“You want to know what this was really all about?” Nixon aid John Ehrlichman told journalist Dan Baum in 1994, according to an article published in Harper’s Magazine in 2016. “The Nixon campaign in 1968, and the Nixon White House after that, had two enemies: the antiwar left and black people. You understand what I’m saying? We knew we couldn’t make it illegal to be either against the war or black, but by getting the public to associate the hippies with marijuana and blacks with heroin, and then criminalizing both heavily, we could disrupt those communities. We could arrest their leaders, raid their homes, break up their meetings and vilify them night after night on the evening news. Did we know we were lying about the drugs? Of course we did.”
The DEA denied a petition to reschedule again in 2011, citing a lack of available research specifically on smoked marijuana in the U.S.
Researchers say this represents a classic catch-22, as the paucity of research is the direct result of a federal blockade on such research by the DEA and the National Institute on Drug Abuse (NIDA). Researchers note that about two dozen countries including Israel, Canada and the Netherlands as well as several legalization states such as California and Colorado, have reams of scientific data on the safety and efficacy of smoked cannabis as well as other formulations. While NIDA’s primary work focuses largely on studies involving drug abuse and addiction, the organization does fund some research on therapeutic uses for THC as well.

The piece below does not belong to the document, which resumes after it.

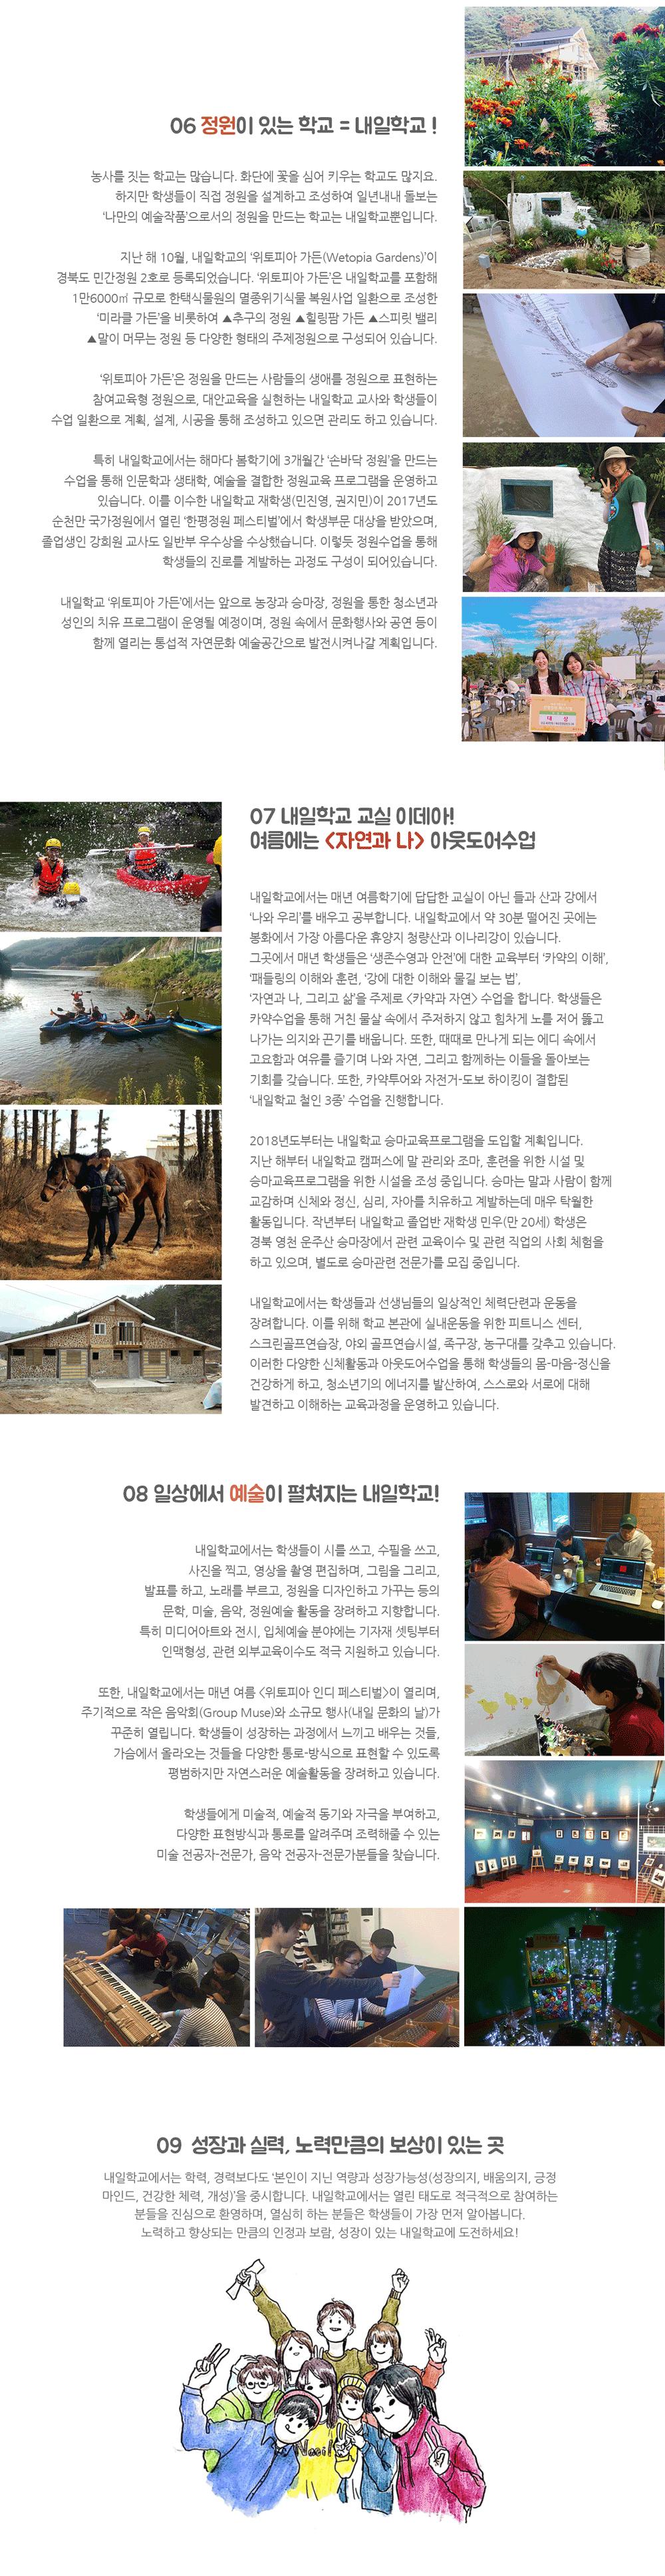 내일학교-채용공고_내일학교소개(자람도우미)_2_01.png
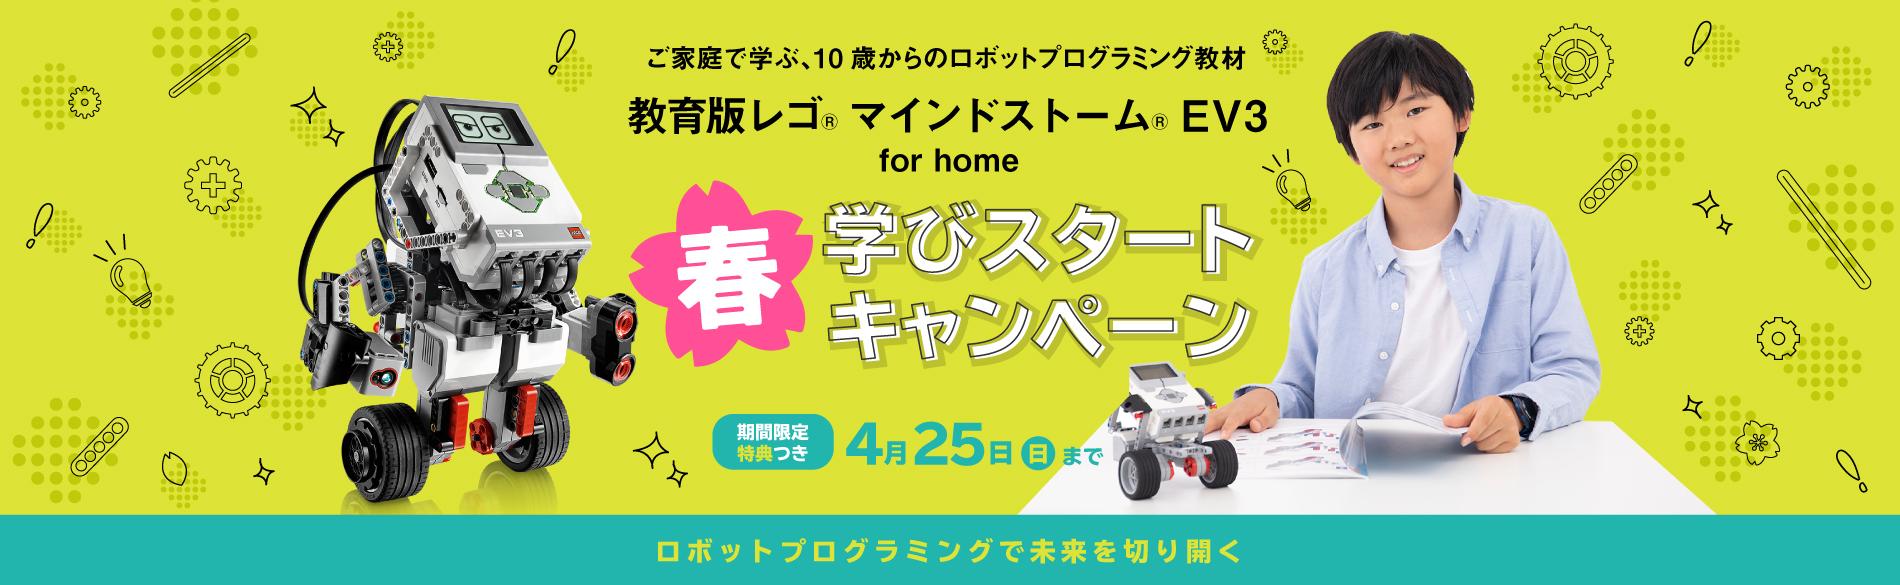 春 学びスタートキャンペーン 4/25(日)まで

Many physicians are also frustrated by the DEA’s apparent intransigence in the face of mounting evidence and interest. In 2009 the American Medical Association recommended the DEA review marijuana’s Schedule I status.
In 2014 lawmakers blasted DEA Administrator Michele Leonhart on the floor of Congress for failing to reply to questions about whether or not heroin was more or less dangerous than marijuana, which is also often used to treat pain. Both are Schedule I—yet cannabis has no obtainable lethal overdose threshold whereas 19,000 Americans died from prescription opioid overdoses in 2014 alone. Earlier this year a researcher at The Brookings Institution called for emergency rescheduling of cannabis to save American lives. All 2016 presidential candidates have vowed to either honor state-level medical legalization, reschedule cannabis or unschedule it entirely. “I think the federal government has forfeited any claim to credibility around cannabis,” Martin Lee, author of Smoke Signals: A Social History of Marijuana.